EXERCISE PROMPT. Pictures stay out of the copy; set down each line of the listing below exactly.

GIVEN MATERIAL.

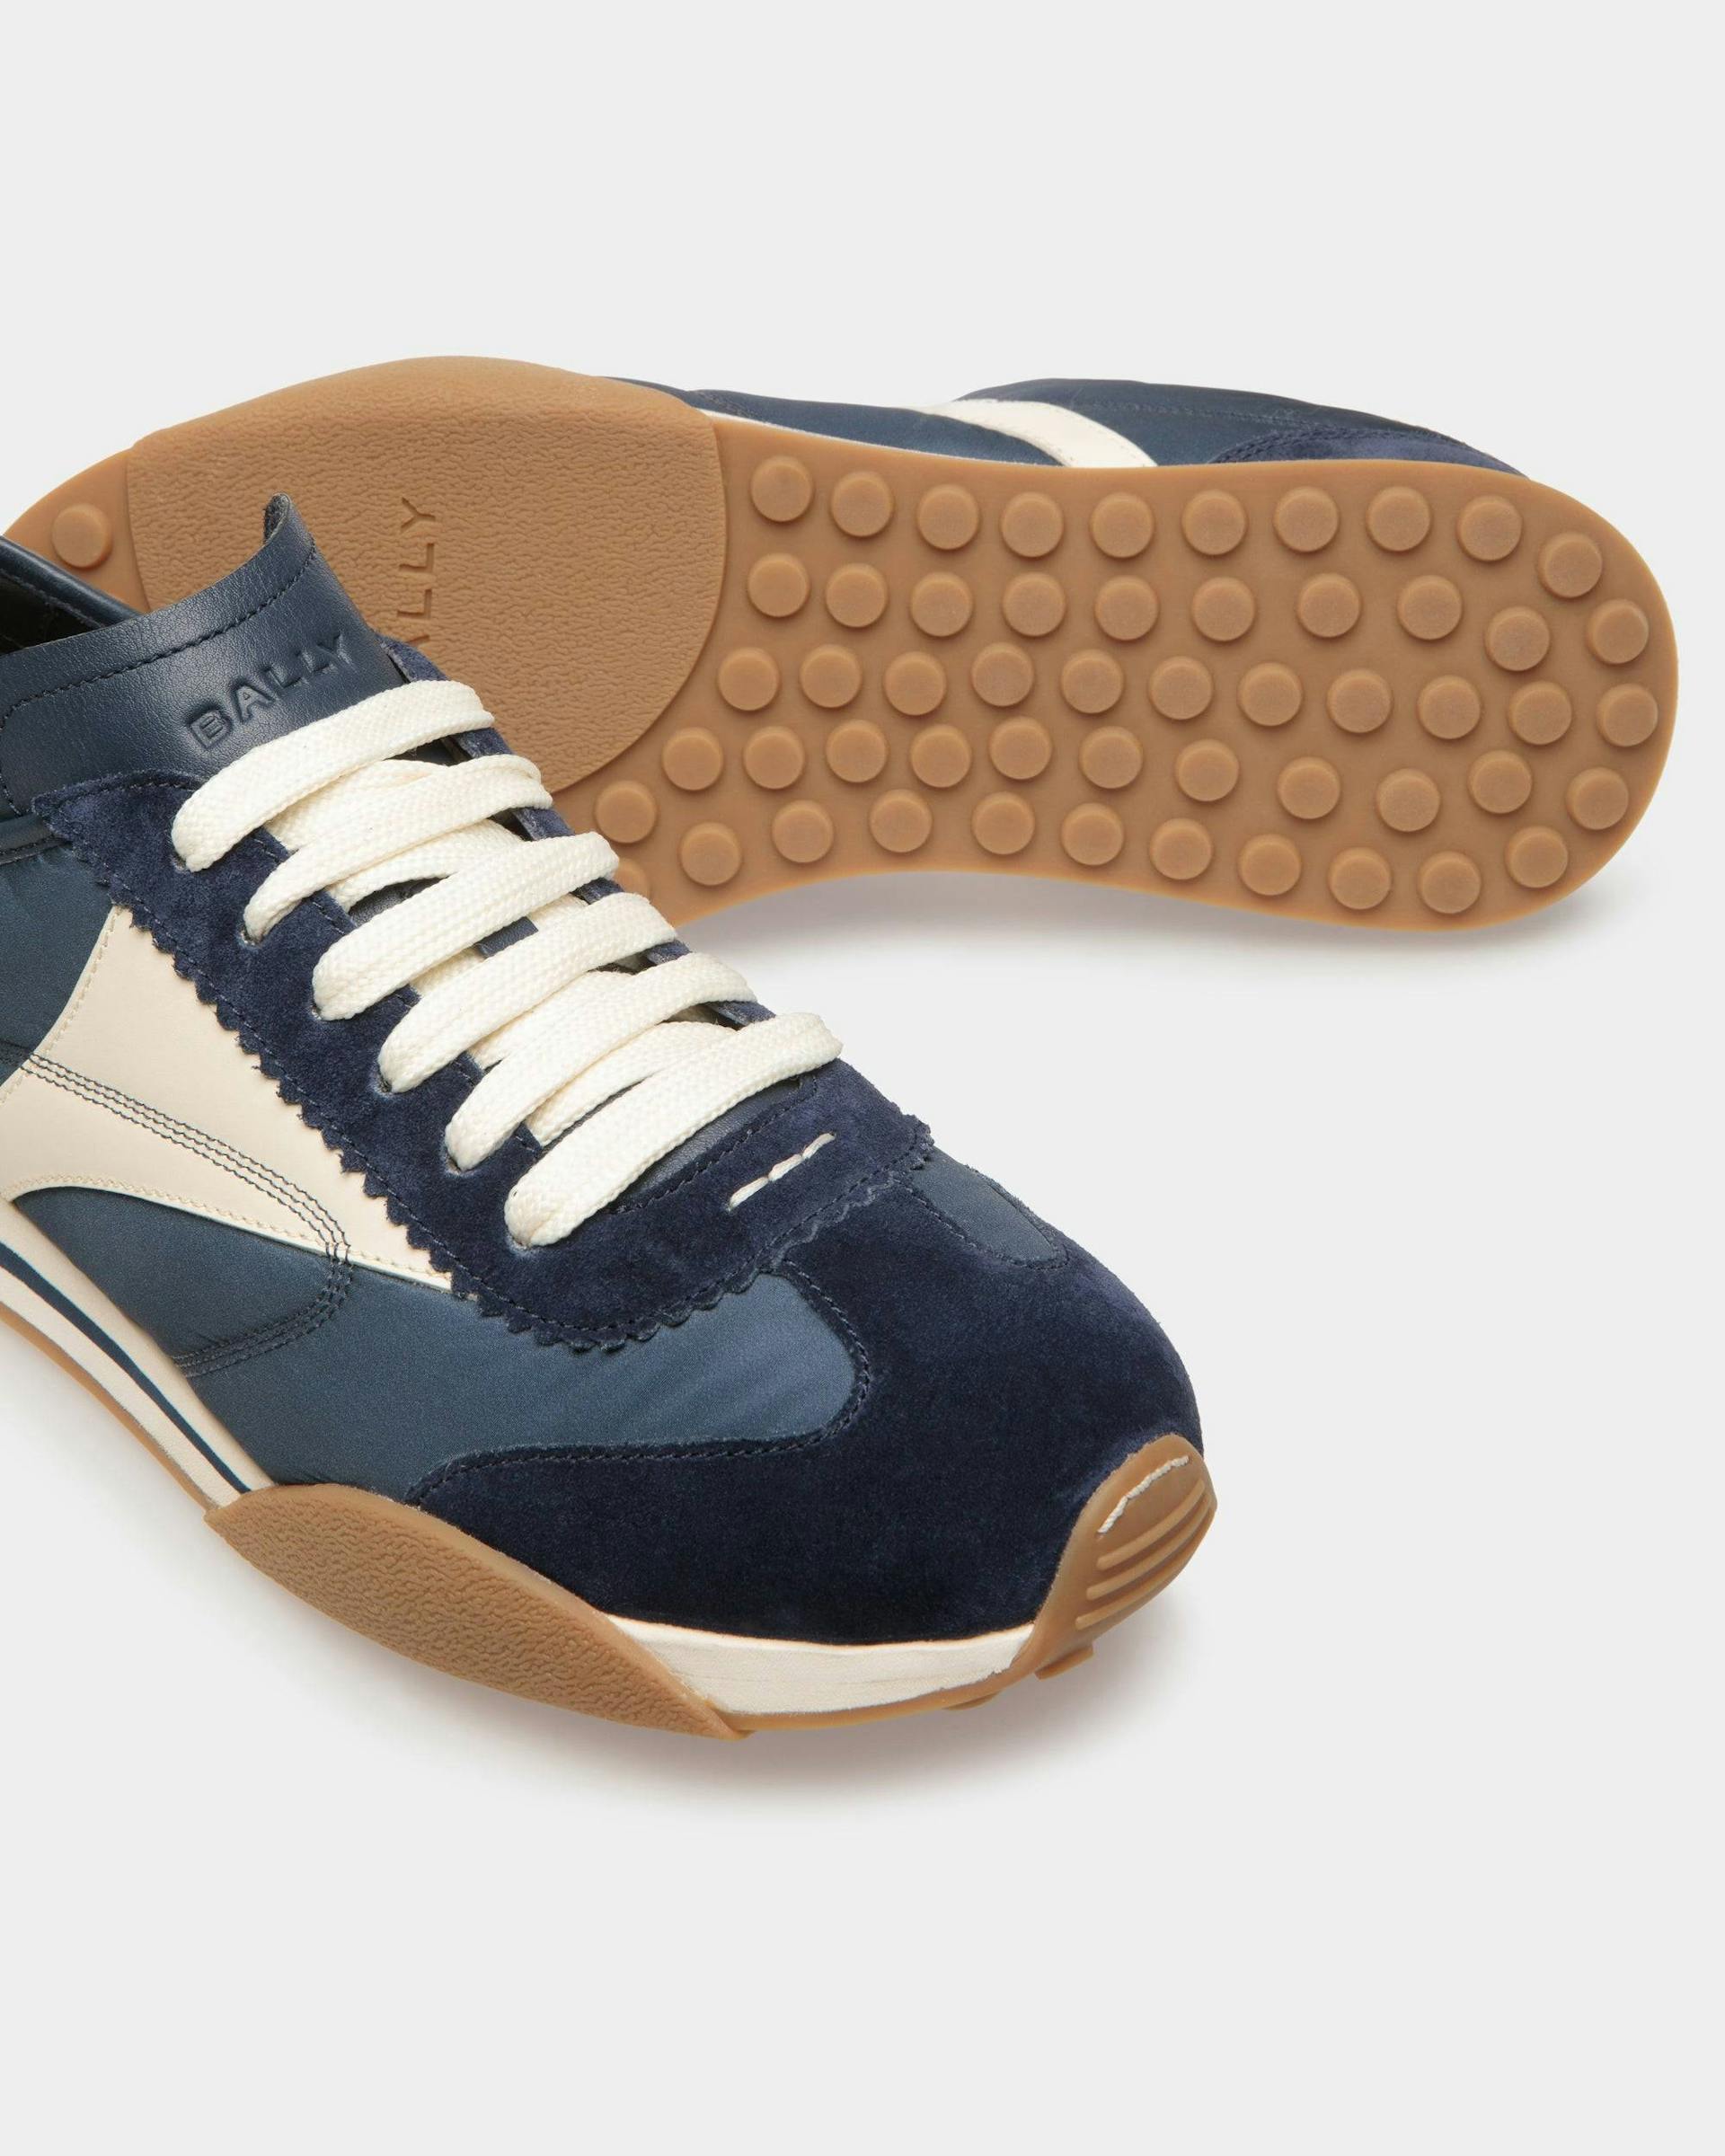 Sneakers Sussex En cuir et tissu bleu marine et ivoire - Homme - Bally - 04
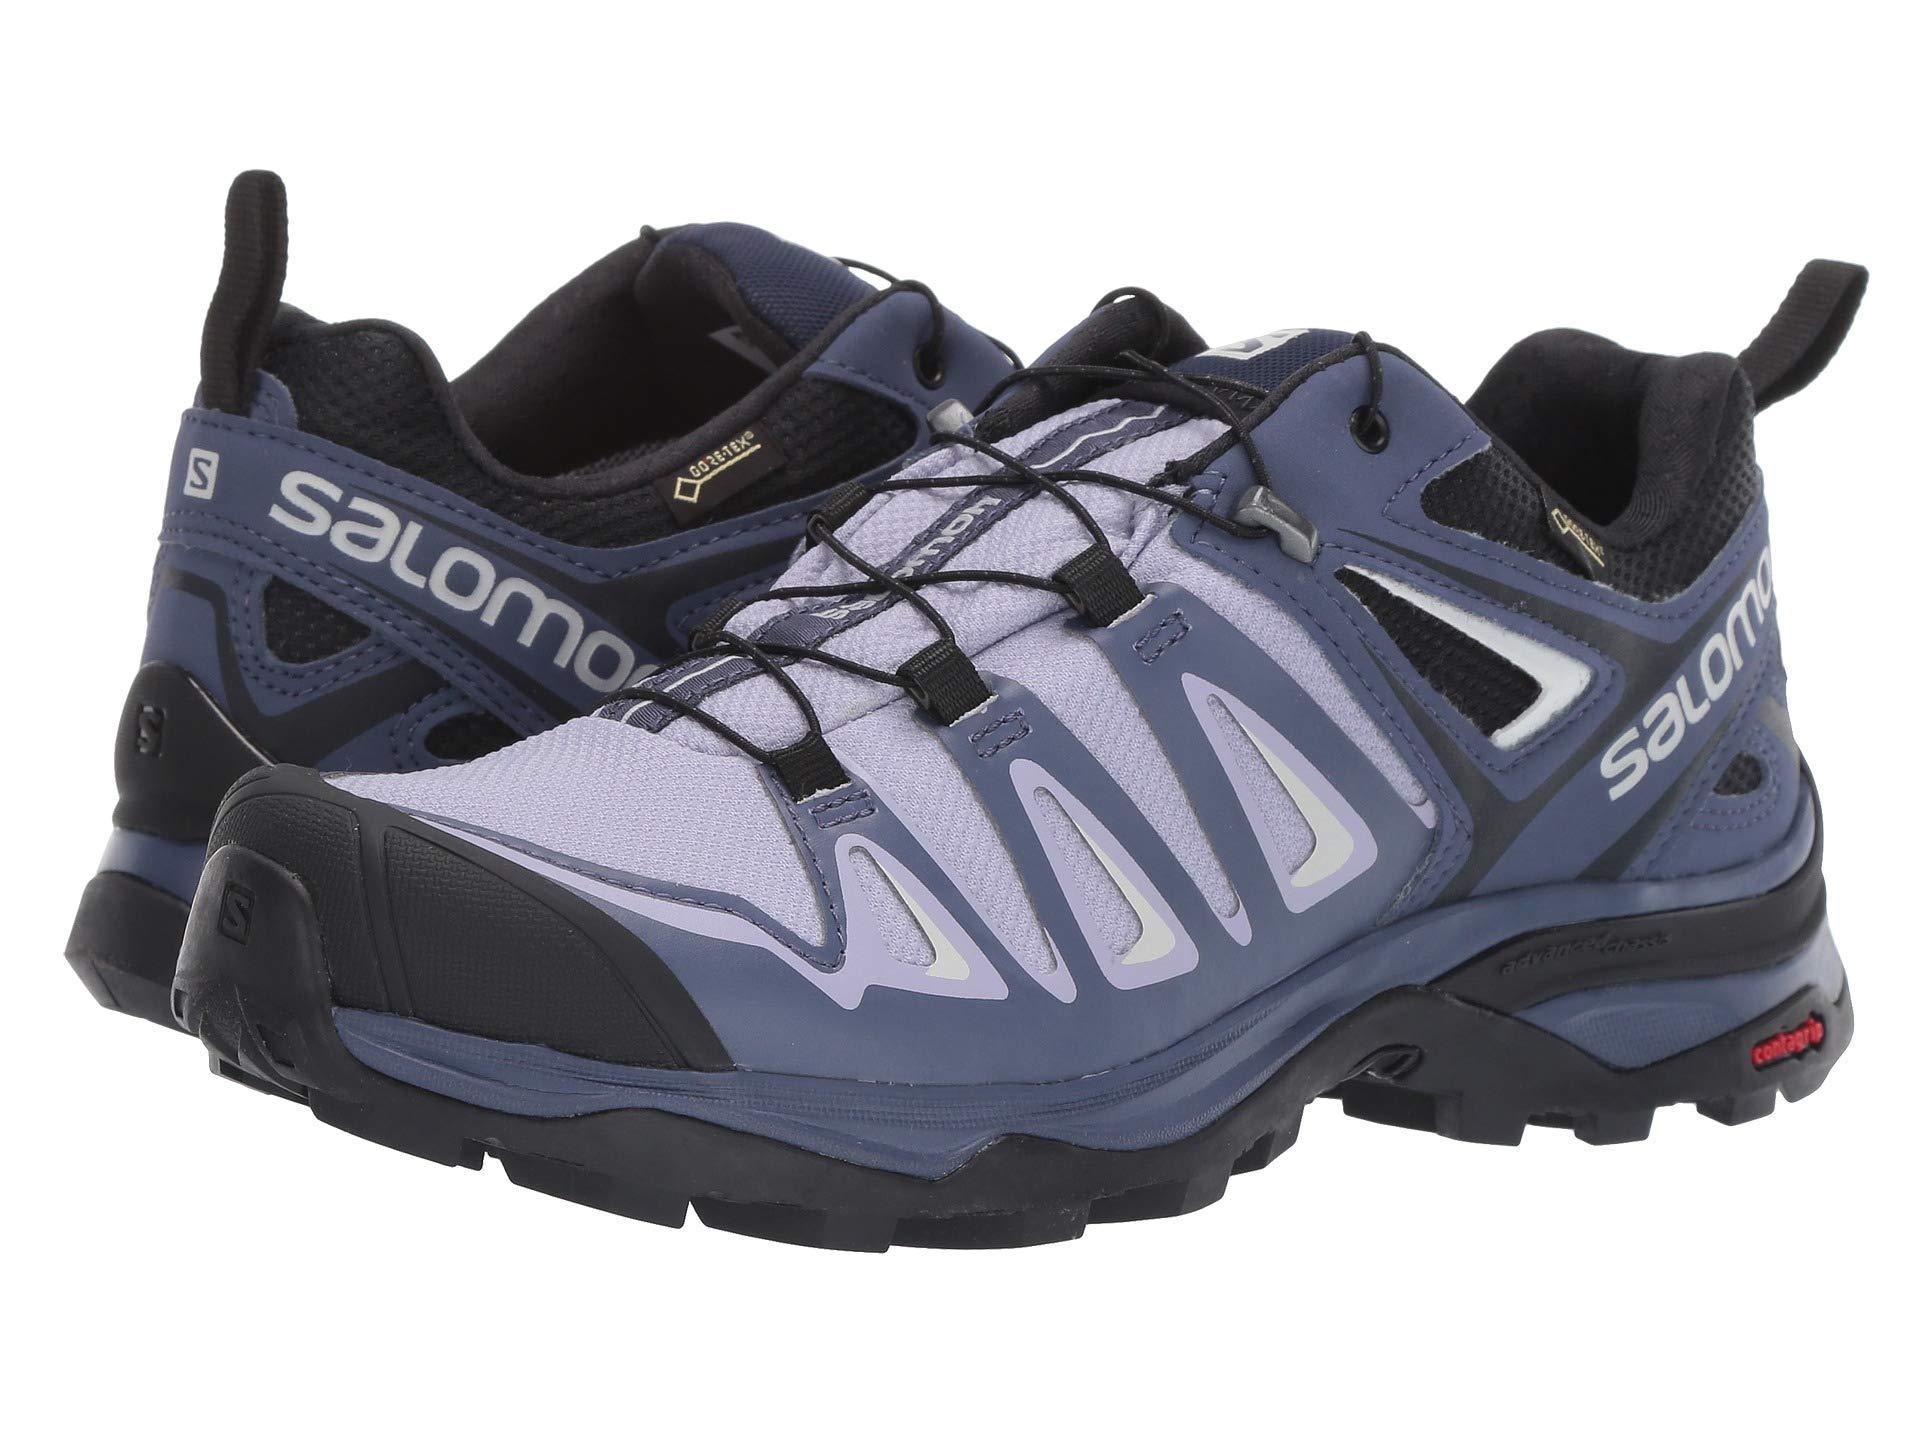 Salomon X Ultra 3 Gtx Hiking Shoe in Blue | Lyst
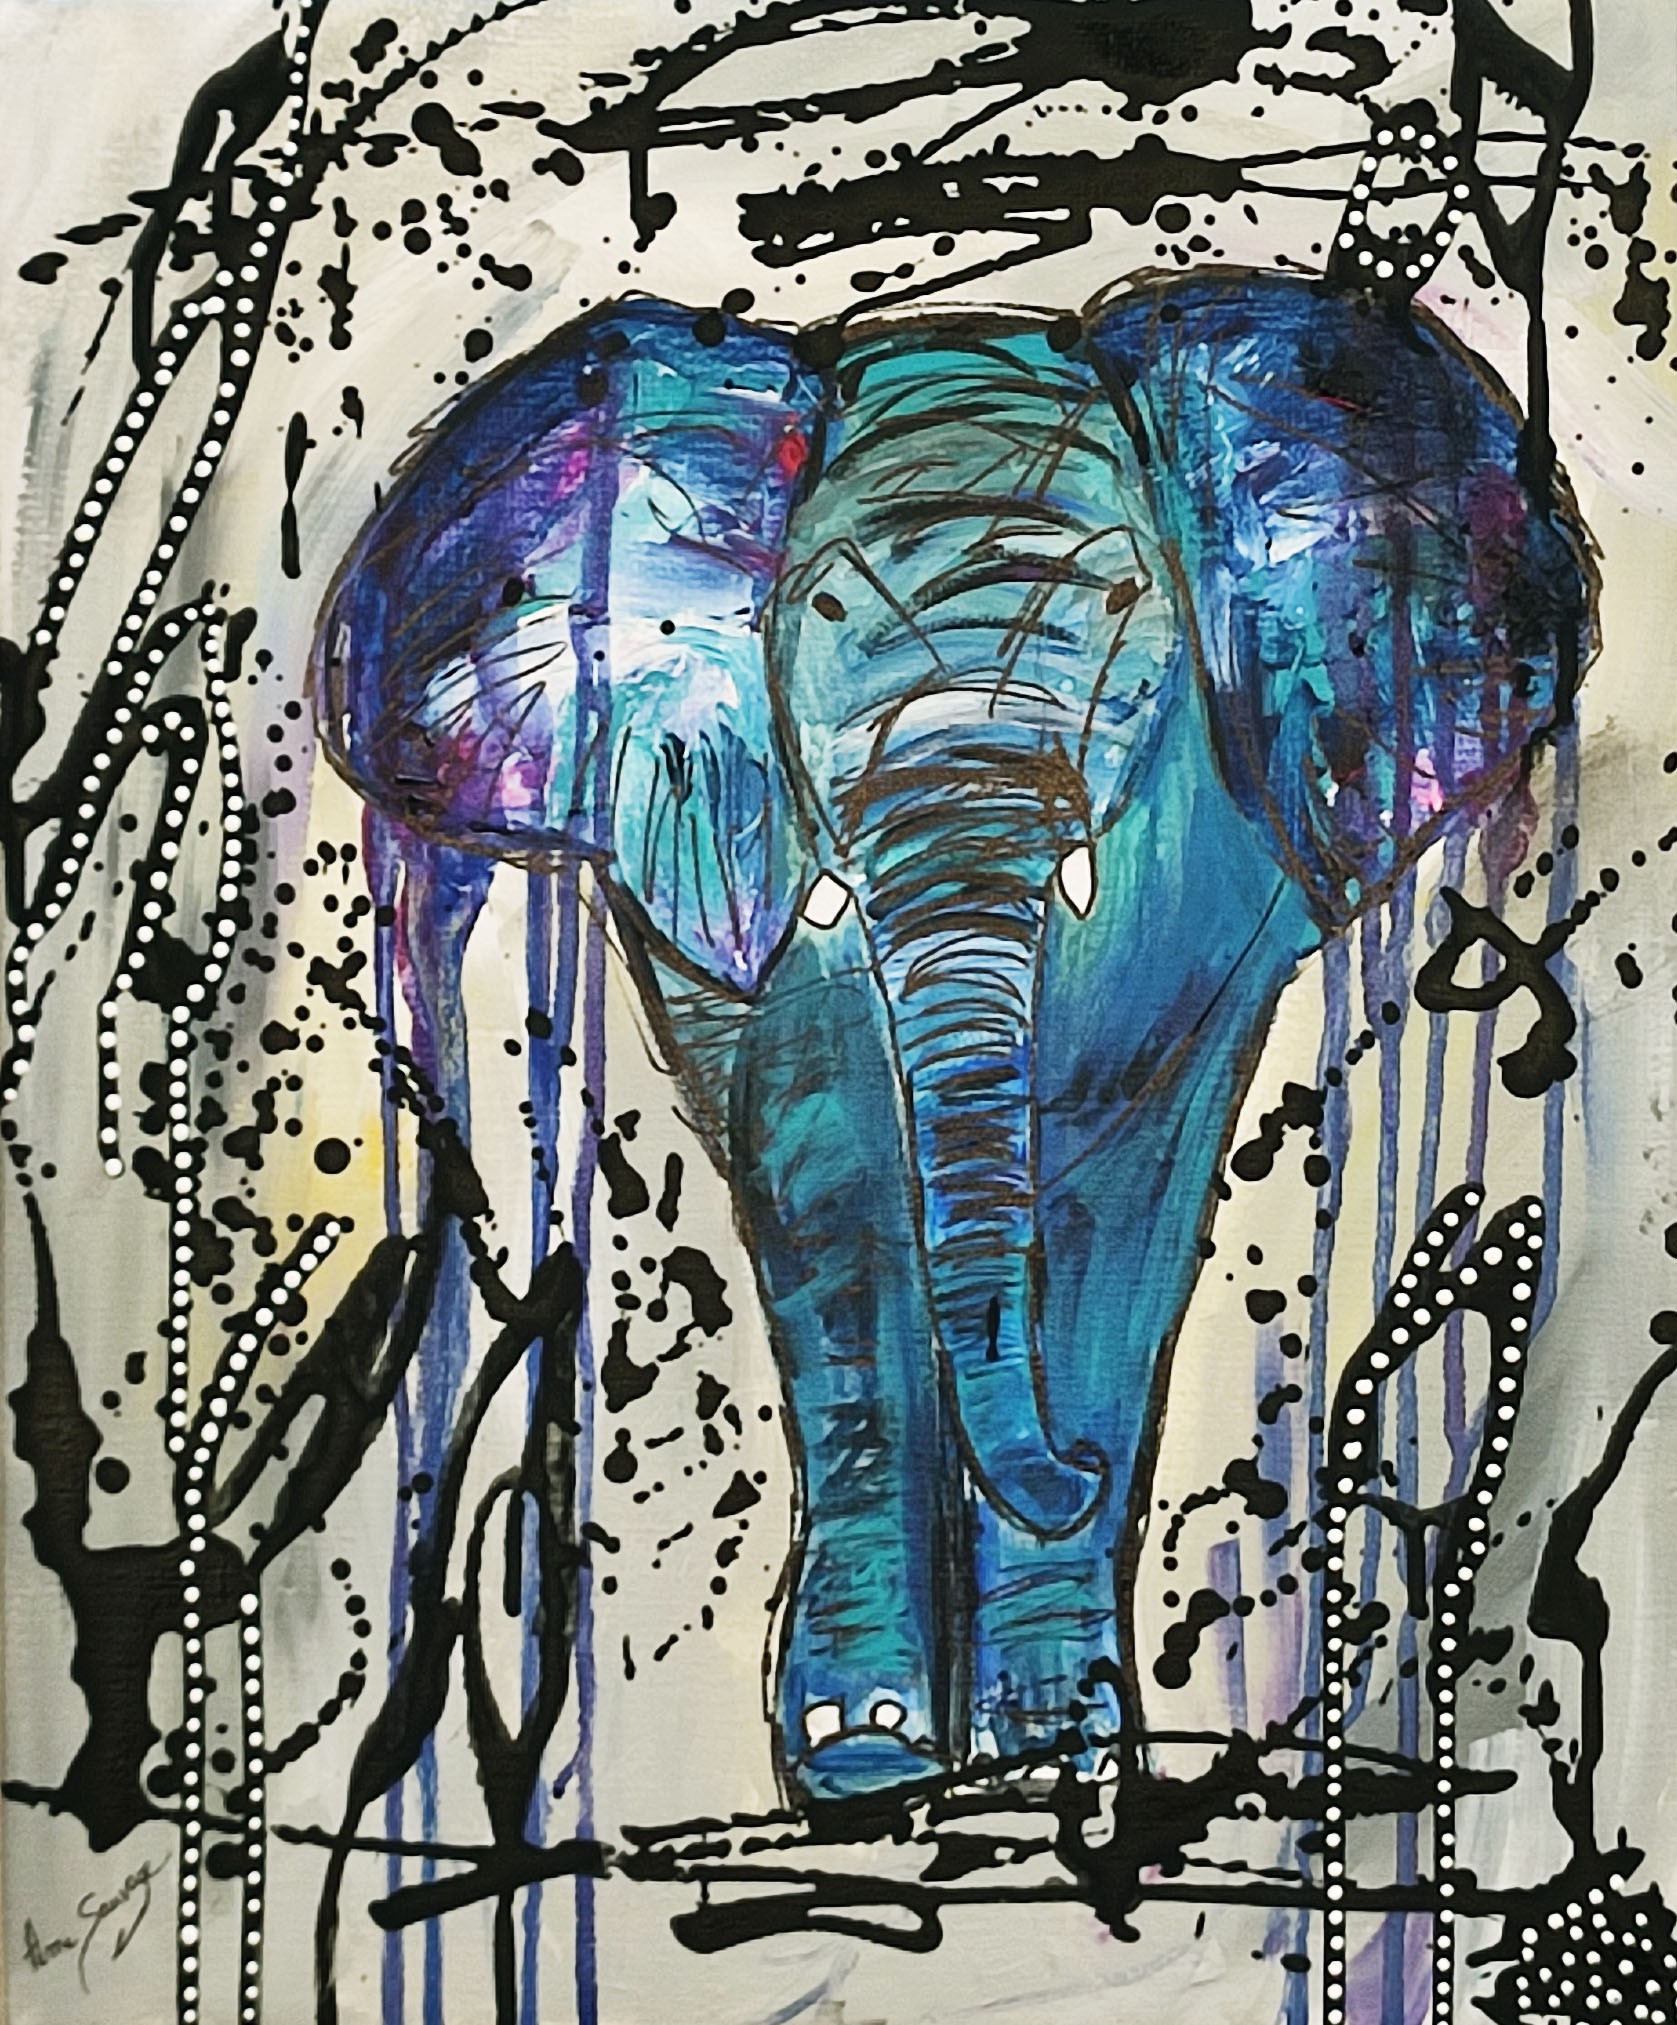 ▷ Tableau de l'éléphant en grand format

EXERCISE RESULT.
 Sneakers Sussex En cuir et tissu bleu marine et ivoire - Homme - Bally - 04
 Salomon X Ultra 3 Gtx Hiking Shoe in Blue | Lyst
 ▷ Tableau de l'éléphant en grand format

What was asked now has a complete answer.